Did the Kindle Start a Trend Toward Paperless Living?

A recent survey put out by Gartner looked at portable device usage among five hundred or so participants to see how things like tablet computing were changing the way we live.  One of the more notable results that they came up with was an indication that over 50% of those involved said that they prefer reading on a screen to reading on paper.  This includes newspapers, magazines, and books.

They didn’t specify whether or not the participants logged any of this data based on using a Kindle or other dedicated eReading device, but that matters surprisingly little in this case.  The reading experience on portable devices is becoming comparable to, and sometimes superior to, that of reading on paper.  Who would have thought?

It would be somewhat foolish to claim that this was the result of the Kindle’s impact of consumer impressions.  We’ve been heading toward digital text distribution since the first computers were capable of storing enough text to be useful.  It was only a matter of time for it to reach the reading public.  It was what the Kindle signaled that accelerated the transition.

Sony already had a better eReader on the market when Amazon released the first Kindle.  What they didn’t have was the Kindle Store.  Amazon made it easy for their customers to buy popular books.  They even went the extra mile and made sure that purchasing could be accomplished right from the device itself.  With no more need to find USB cables or memory cards, eReading was finally more convenient than picking up a book from the store.  It was sometimes even easier that picking up a book off the shelf.

Over time, adding devices as they went, Amazon brought their selection to practically any device with a screen.  The Kindle itself was and is still important for many people, but just about anybody who is interested will always have a device within arm’s reach that can load a book for them now.  Convenience has reached an extreme.

Convenience is what the Gartner survey attributes the move away from paper to.  Their participants indicated that they were willing to pick up whichever device lay closest to hand for practically any reading situation, even to the point of excluding print at times.  Since all participants were required to have a media tablet and at least two other similar devices, being out of touch would have been a stretch.
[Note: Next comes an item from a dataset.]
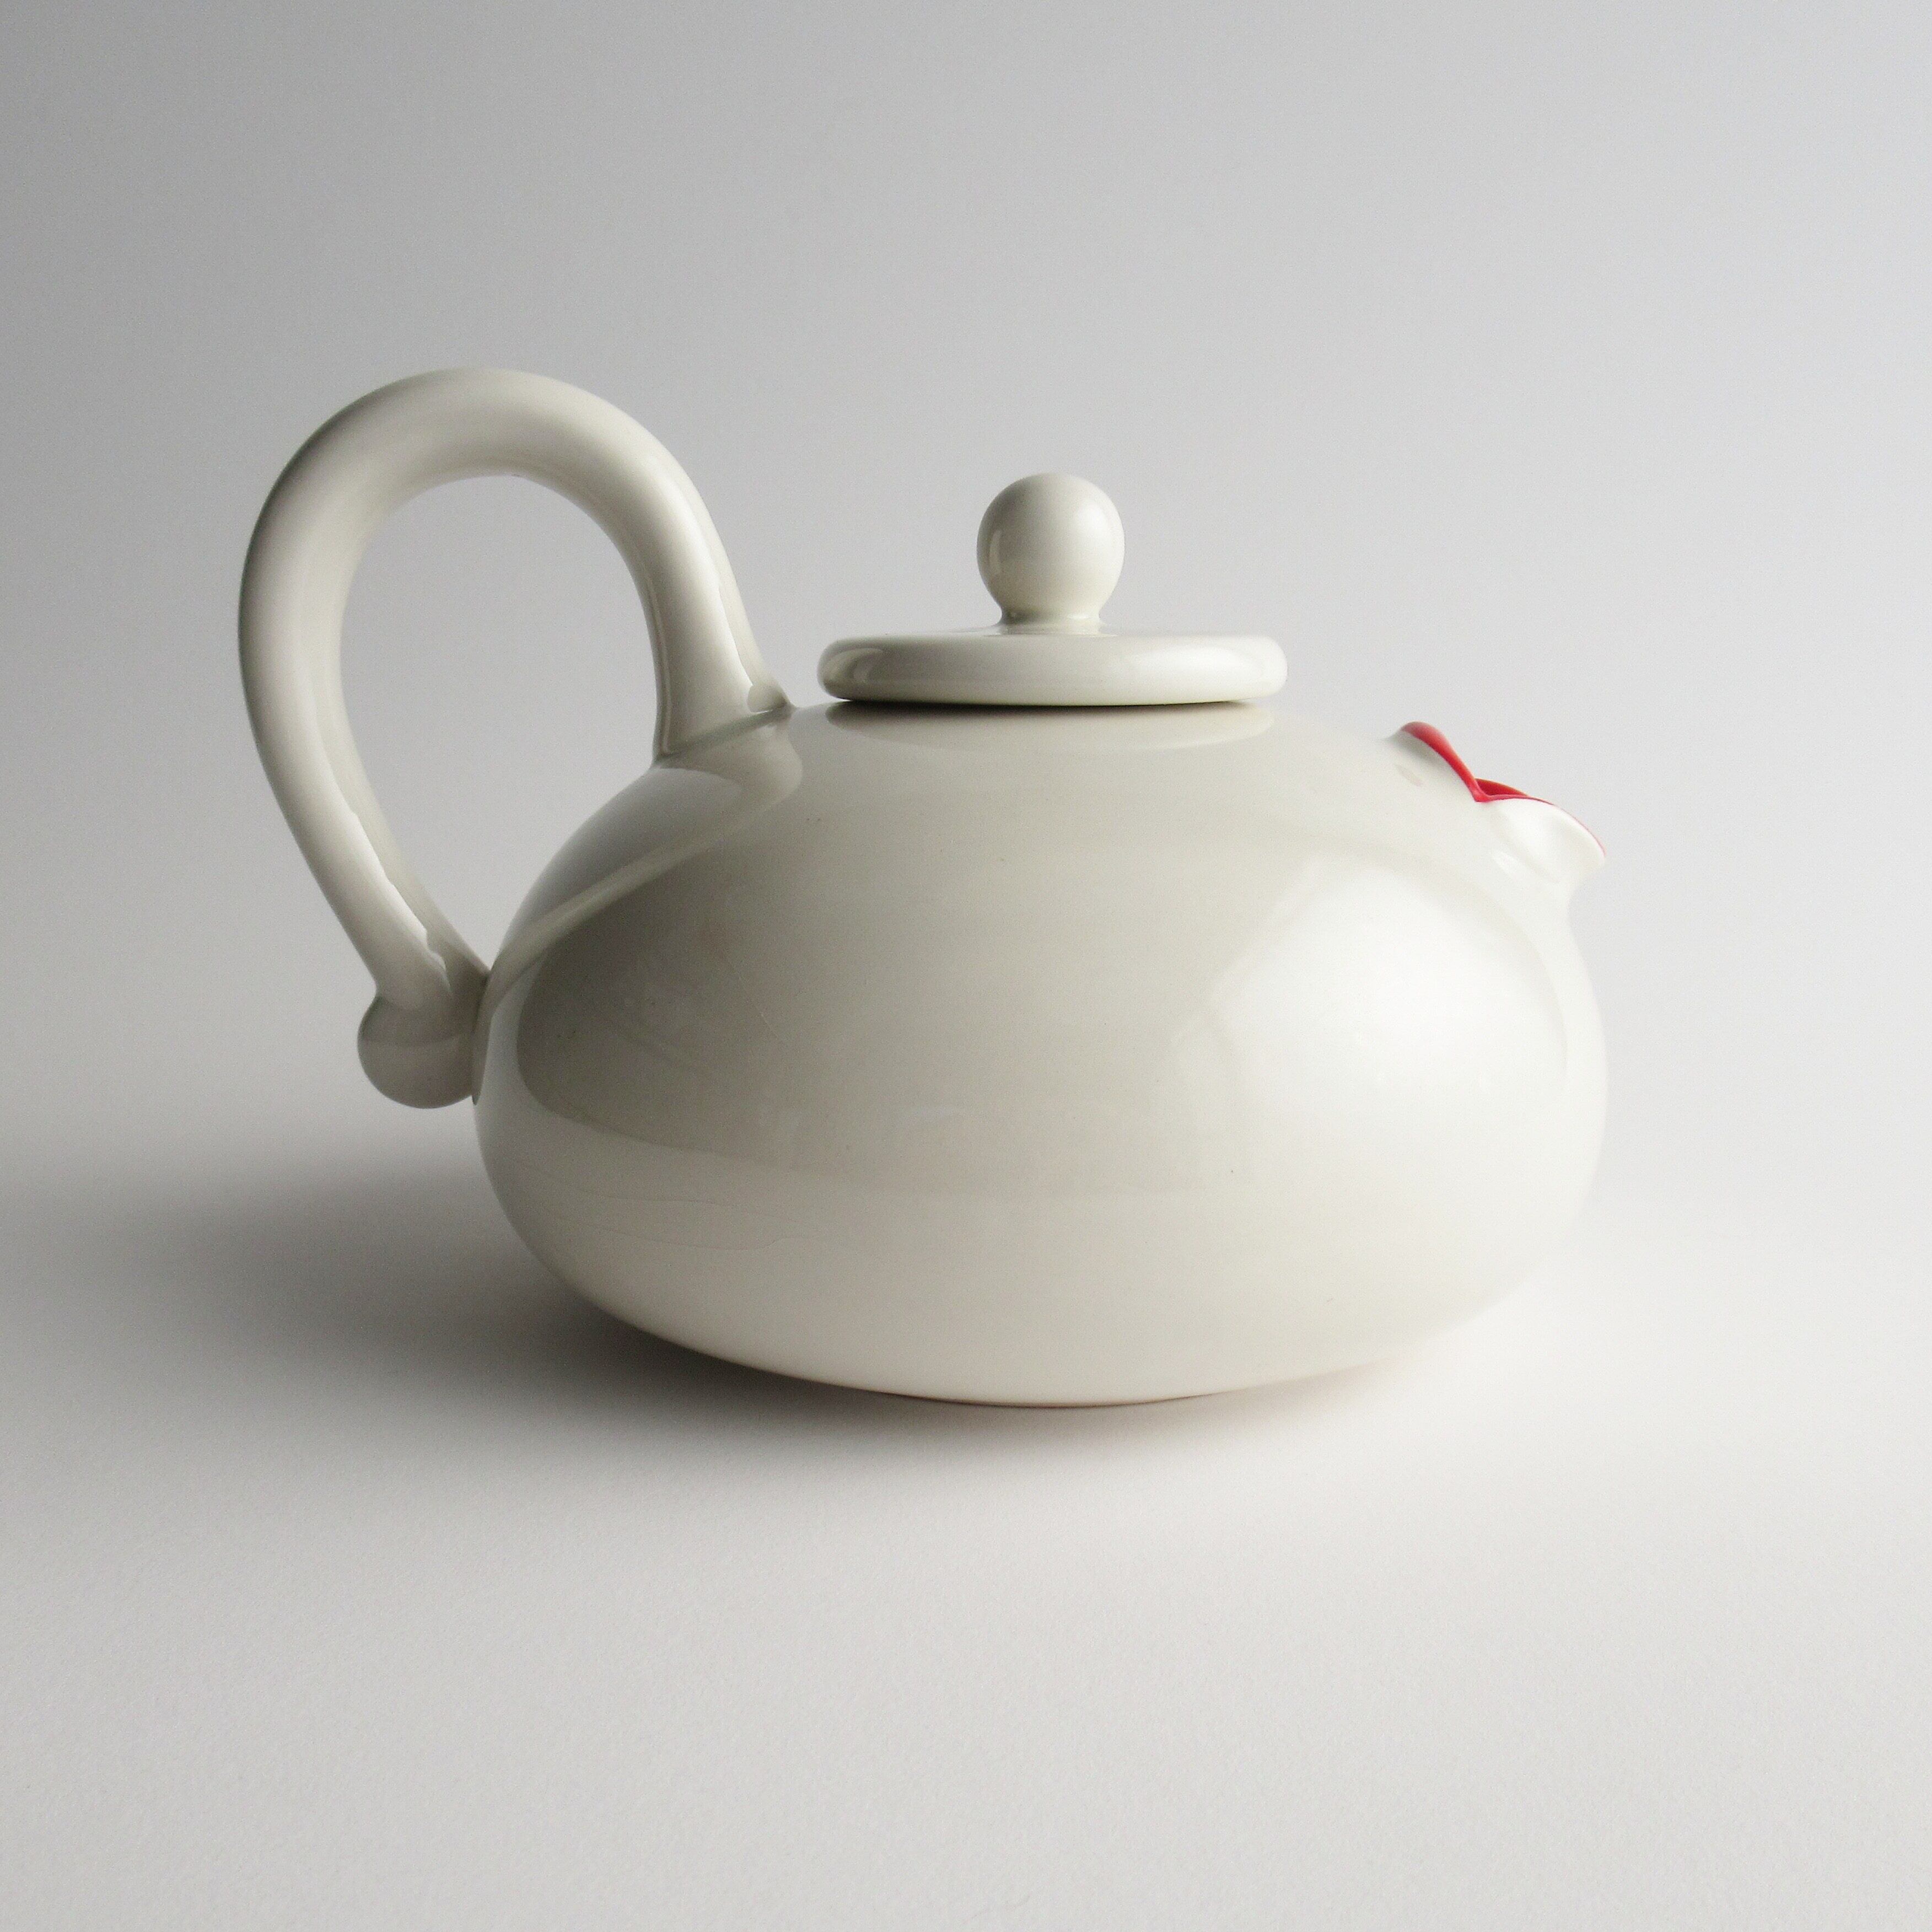 ティーポット   マリリンモンロー  lip service teapot
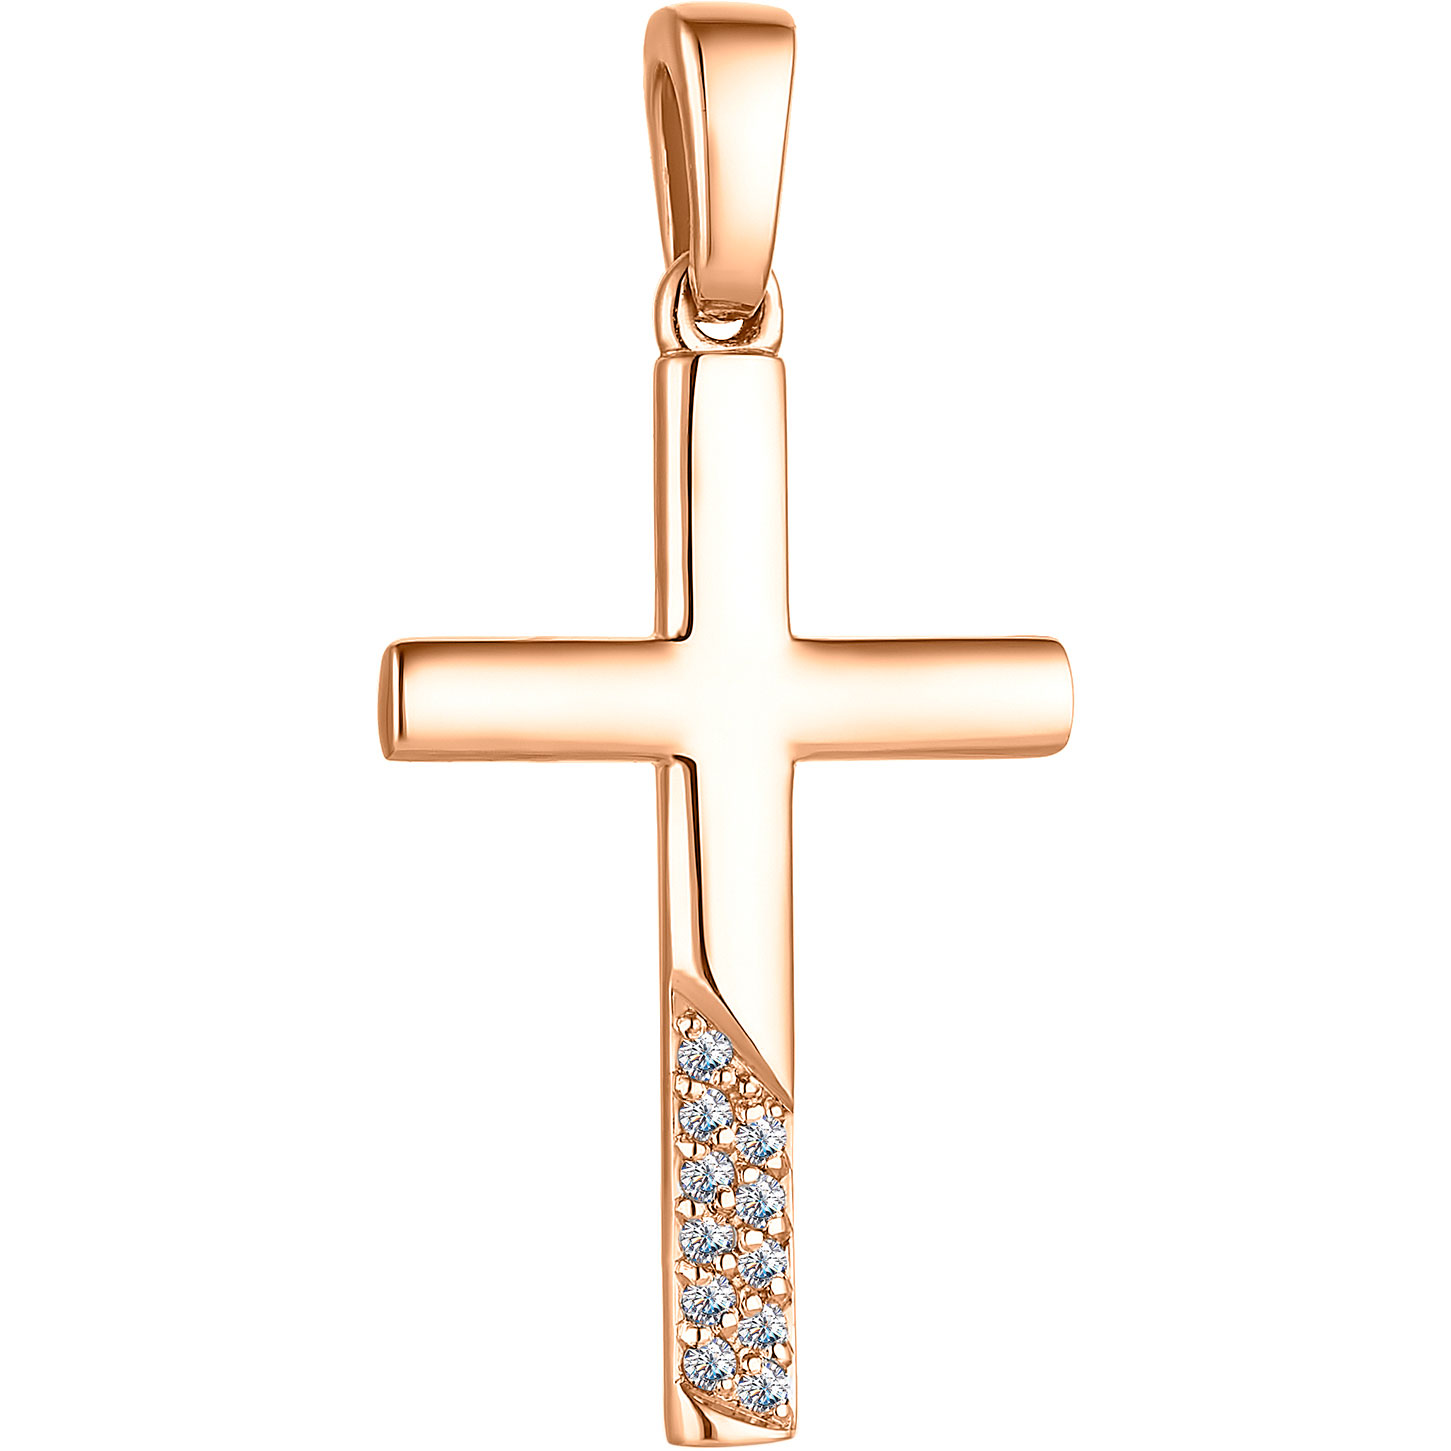 Женский золотой декоративный крестик Алькор 33301-100 с бриллиантами —купить в AllTime.ru — фото

None of this says that the printed book is really going to disappear.  We know that won’t happen any time soon, despite the fact that the death of print has been declared regularly since at least 1984 (extra points for catching the obvious movie reference).  What this means is that print is likely to lose its primary position in the reading world, even for magazine and newspaper readers, before too much time is up.  Tablets used to be toys, now they are becoming household tools.  Prices are dropping, exposure to options like the $79 Kindle is up, and it seems like every day readers get more to choose from.  Publishers can’t even entertain the notion of maintaining their old model unaffected at this point.